Children this age need 9-12 hours of sleep at night. Should be sleeping independently in own bed.


  1. Can write name.

  2. Can write letters and numbers (some may be backwards).

  3. Can count beyond 20.

  4. Draws a person with 6+ body parts.

  5. Starting to read.

  6. Plays make-believe.

  7. Can get dressed without help.

  8. Knows address and phone number.

  9. Hops, skips, and can balance on one foot.

  10. Speech should be 100% understandable without articulation difficulties.


  1. Continue to brush twice daily and floss once a day.

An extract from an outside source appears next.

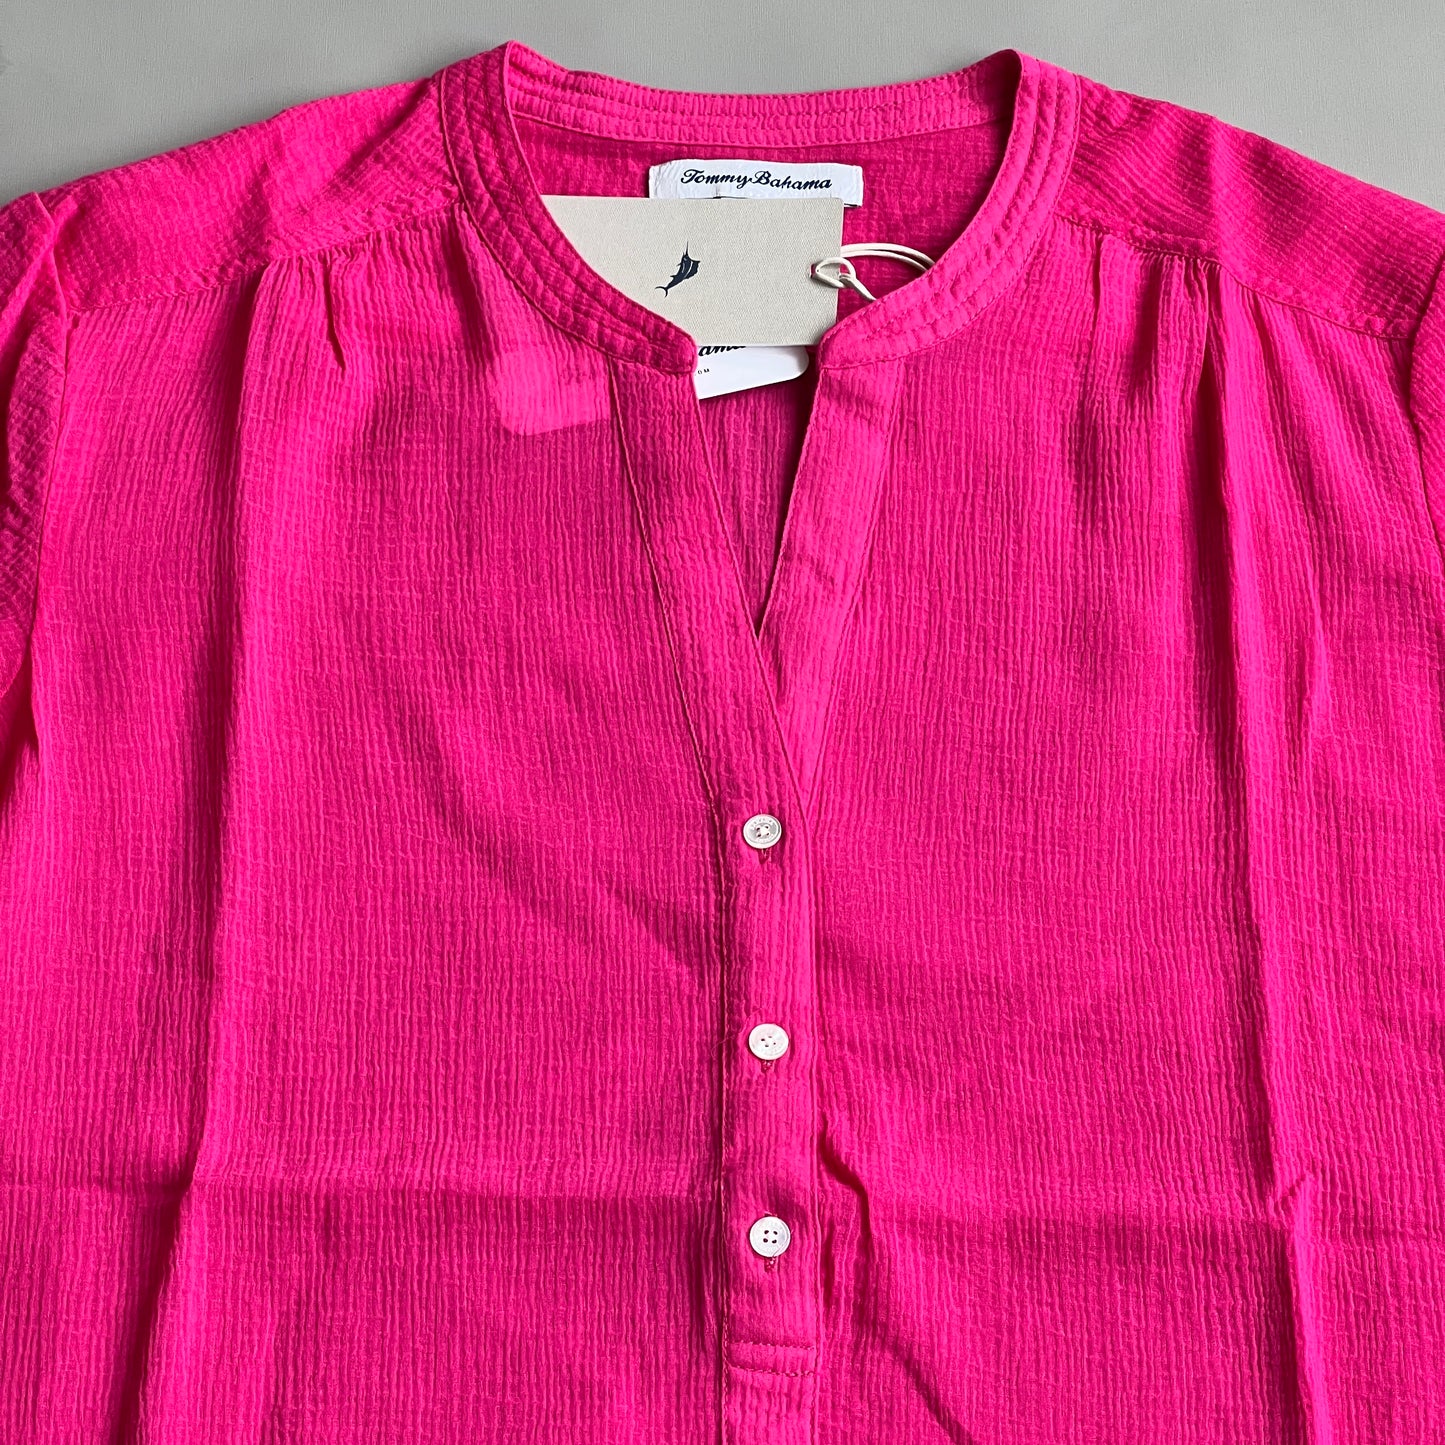 TOMMY BAHAMA Women's Coastview Gauze Top 3/4 Sleeve Rose Bed Size M (New)
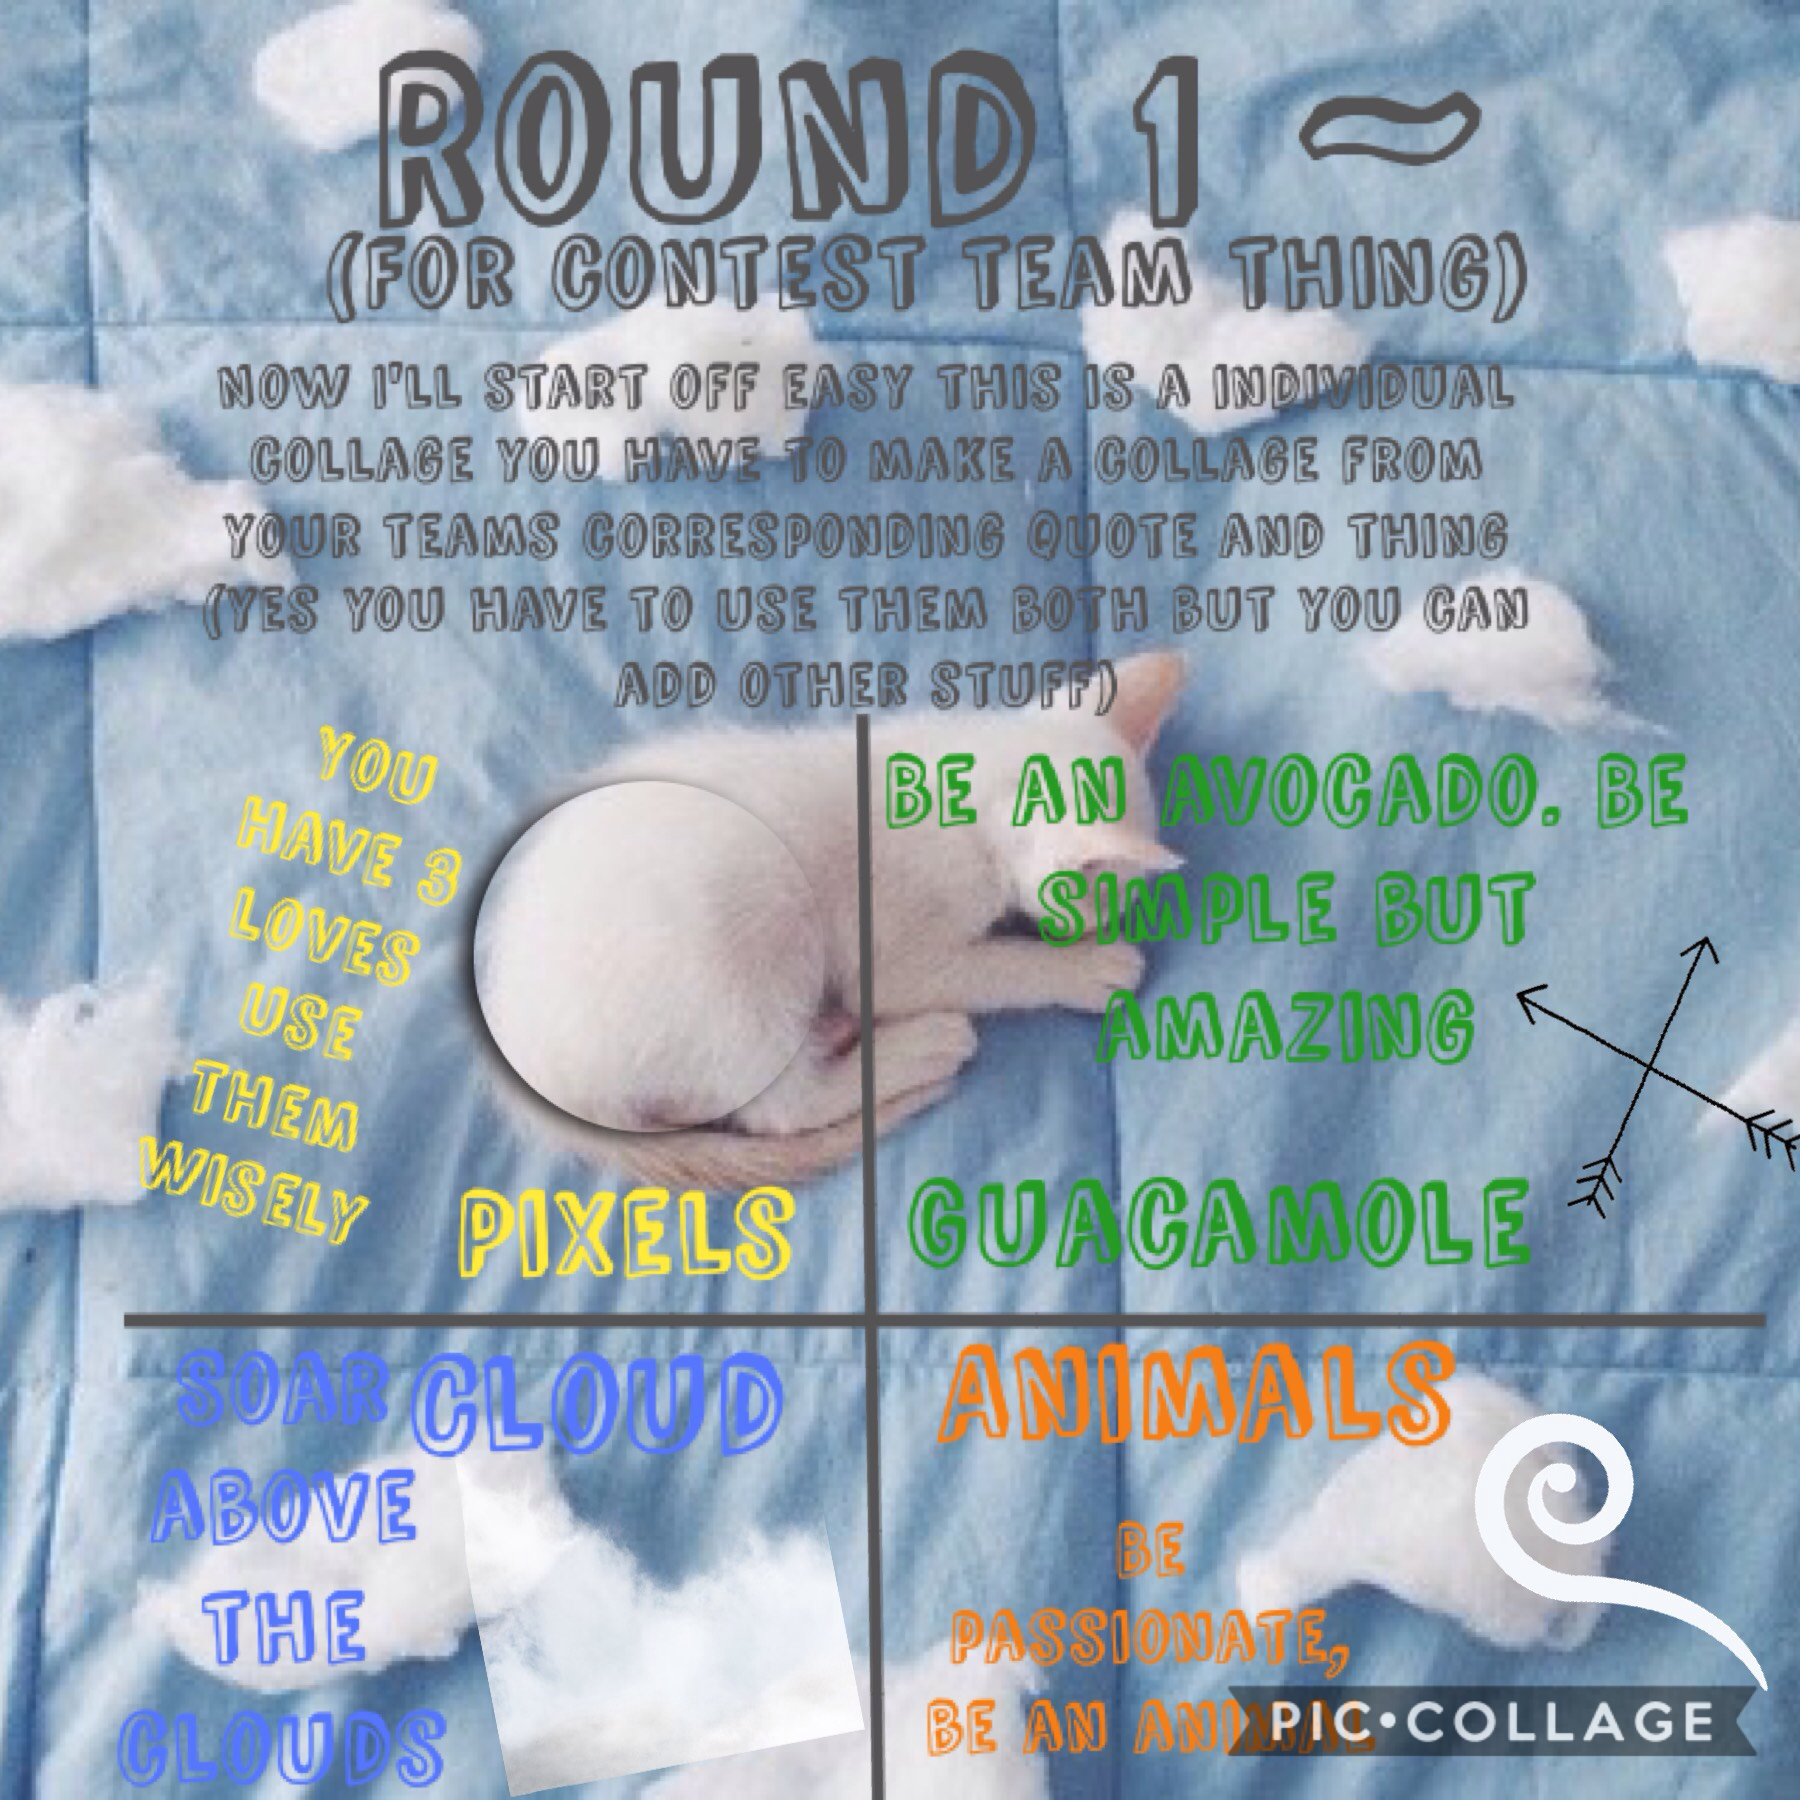 Round 1 ends on the 25th (aka Christmas) of December ~ Tik_Tok_Time

  2. Should continue to see a dentist every 6 months.

  3. Fluoride supplementation depends on the level of fluoride in the drinking water in the city where you live (your pediatrician or dentist can prescribe it if needed).


  1. Media Exposure: Set limits on total media time, type of media, and review content. Try to co-view media. Create media free zones in the household (e.g., no media at the table or in bedrooms). Ensure that media use isn’t interfering with sleep, school/homework, play, activities, or family time. Utilize safe guards on computers and devices to limit type of content brought into the home.

  2. Sexual Education: Answer questions at a level appropriate for your child’s understanding. Be direct and honest. You may want to have some age-appropriate sex education books or books about bodies to help answer questions. Always use the correct anatomical terms. Teach that certain body parts (those covered by a bathing suit) are private and should never be touched without the child’s permission.

  3. Social Interactions: Praise your child for accomplishments. Encourage your child to talk about feelings and experiences at school and with friends. Provide opportunities for your child to interact with other children and learn teamwork. Ensure that you know your child’s friends and their families. Discuss bullying at this age.

  4. Learning Experiences: Read together every day. Listen as your child begins to read aloud. Visit libraries, parks, museums.

  5. Discipline: Set limits. Be consistent. Ensure your child knows the house rules (e.g., bedtime rules, respect for others). Teach natural consequences for unacceptable behavior. Set reasonable expectations. Teach how to resolve conflicts and handle anger.

  6. Chores: Give your child some age appropriate chores and household responsibilities (e.g., help set the table, keep own room clean, put away laundry, etc.). Teach your child responsibility for personal belongings.

  7. School: Meet with your child’s teacher. Become involved with school.


Treat fever and minor illnesses at home as long as your child looks and acts ok. Bring your child to the doctor if: symptoms are severe or prolonged (e.g., fever beyond 5 days, bad cough, etc.), your child has signs of dehydration, your child reports specific symptoms (e.g., sore throat, hurt arm, etc.), your child has difficult or labored breathing, your child is lethargic, or you are concerned.


Your child’s next well child check is in 1 year. If all vaccines are up to date, your child should not need any shots aside from an annual flu shot at the next visit.